JACOBS, A., HELFRICH, M., HANISCH, S., QUENDT, U., RAUBER, R., LUDWIG, B. (2010).

 

Biology and Fertility of Soils 46, 671-680.

 

Summary

Abstract The objectives were to investigate (1) to which extent water-stable macro- and microaggregates sequester organic matter (OM) in a minimum tillage (MT) system compared to a conventional tillage (CT) system and (2) if the content of biochemically stabilized OM differs between both tillage systems, and (3) to study the temporal dynamics of the distribution of aggregate size classes and of storage of OM within aggregates in the field.

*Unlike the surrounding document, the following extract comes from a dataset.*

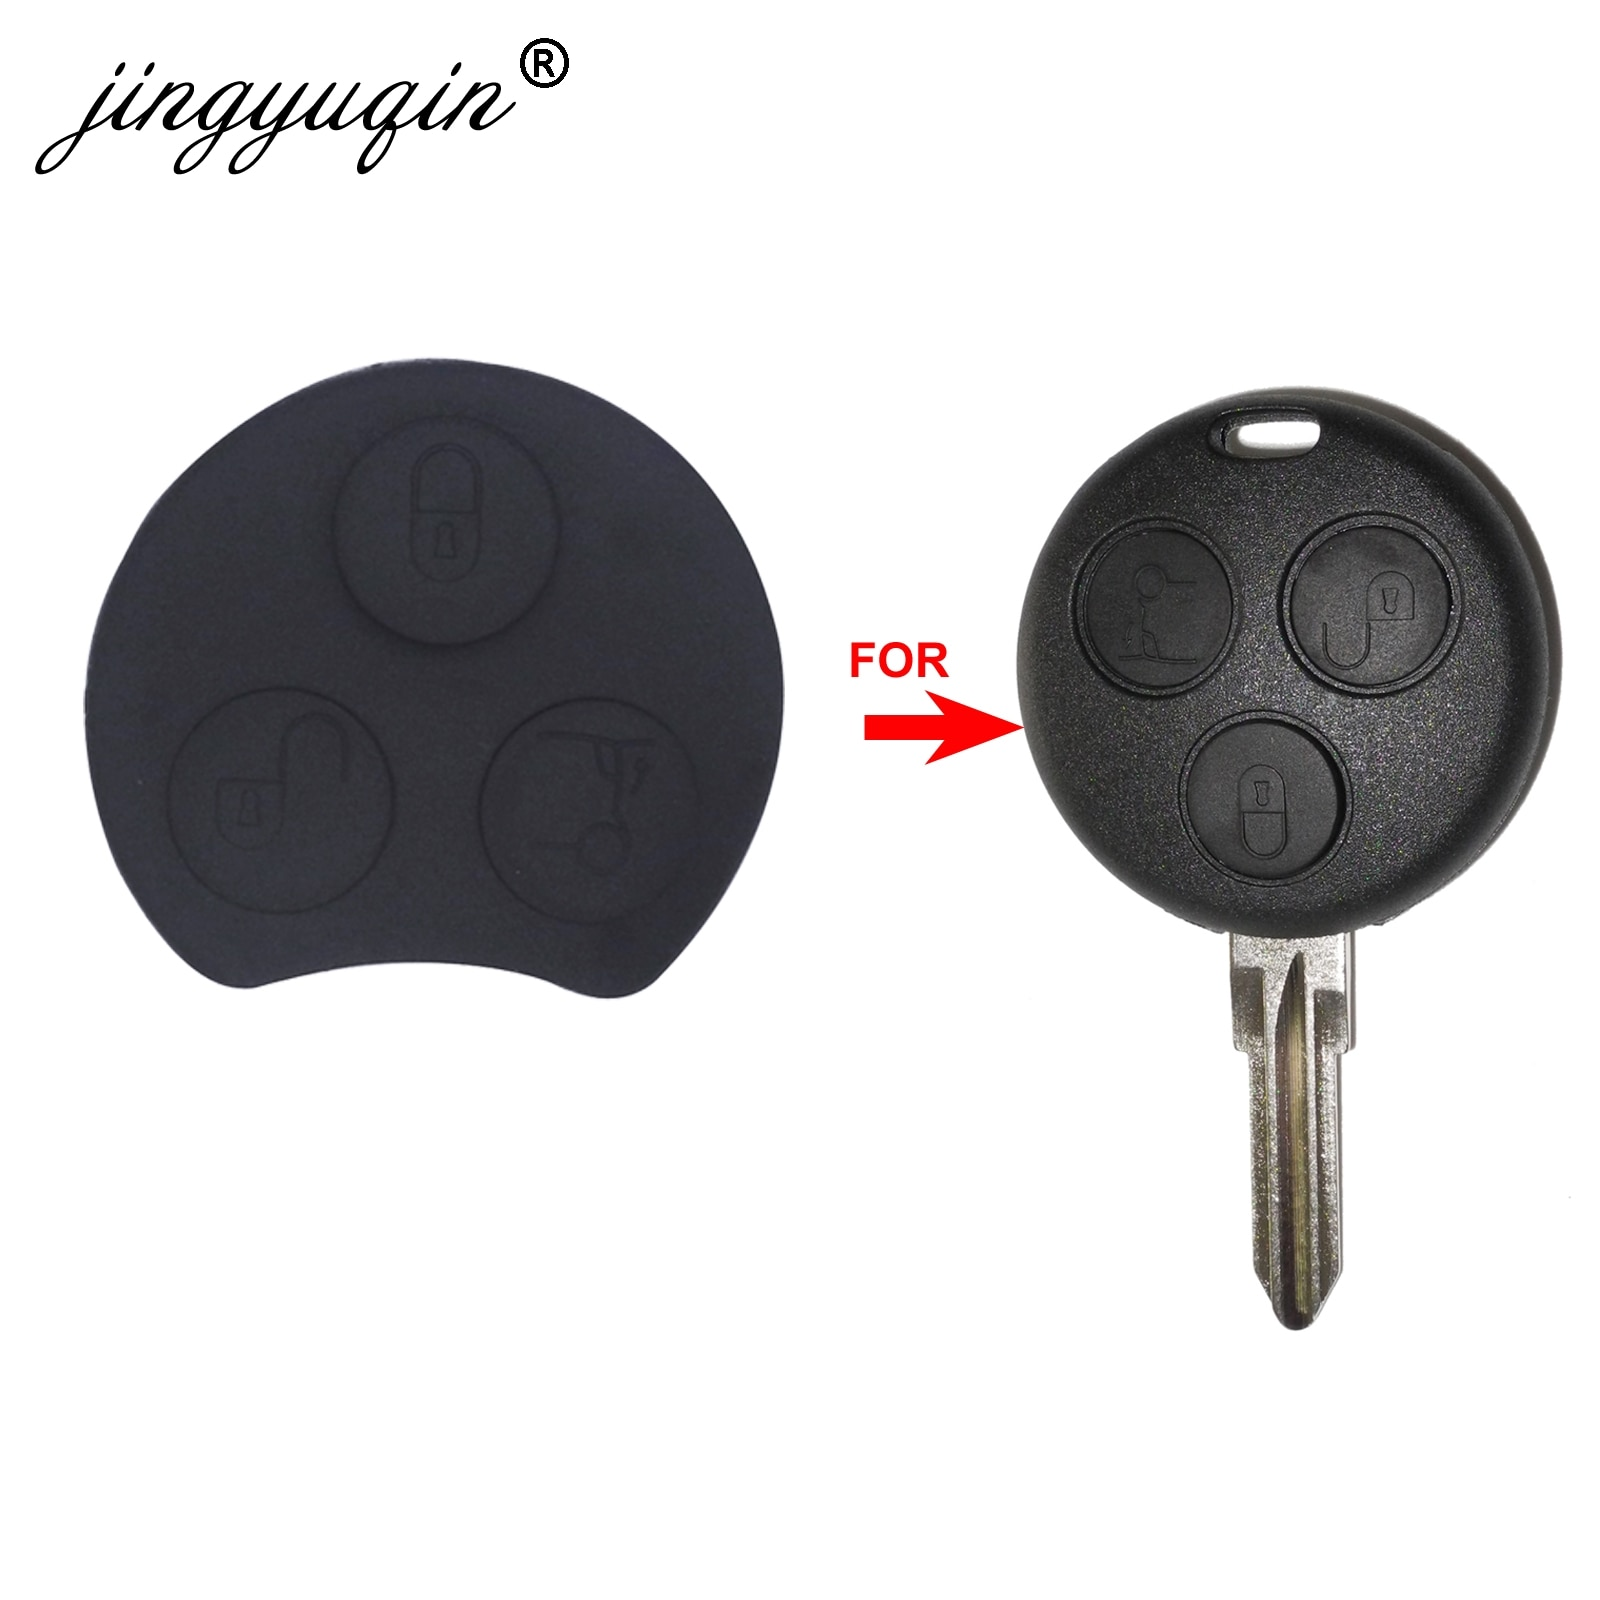 Lote de botones jingyuqin para Mercedes Benz Smart Two 450 Mayitr, funda para mando a distancia, reemplazo de almohadilla

Surface soils (0-5 cm) and subsoils (10-20 cm) were sampled after fallow (March 2007) and directly after tillage (November 2007) from a long-term experimental field near Göttingen, Germany. Macroaggregates (>0.25 mm) were in general less abundant after fallow than directly after tillage. In March, only 21% (CT) and 45% (MT) of Corg was stored within macroaggregates in the surface soil, whereas in November, the percentages increased to 58% and 73%, respectively. CT and MT soils of both depths were incubated as bulk soil (CTbulk, MTbulk) and with macroaggregates disrupted (<0.25 mm) (CTmd, MTmd) for 28 days at 22°C and water content of 50% of the maximum water holding capacity. For the MTbulk and MTmd surface soils, C mineralization was significantly higher compared to the CT soils. Incubation of md soils did not generally result in a significantly higher C mineralization compared to the respective bulk soils, except for the MTmd subsoil. Acid hydrolysis showed that the proportion of biochemically stabilized, nonhydrolysable, Corg to total Corg was lower in the MT than in the CT soils. Overall, the data indicate that the effect of physical stabilization of OM stored in the macroaggregates may not be a mechanism protecting very labile C with a turnover time of weeks, but that longer preservation likely occurs after macroaggregate transformation into microaggregates, and the surplus of OM found in the surface soil of MT does not only depend on the biochemically stabilized OM. Finally, our data suggest that the temporal variability of distribution of aggregate size classes in the field is large, but spatial and operator variability also contributed to the observed differences.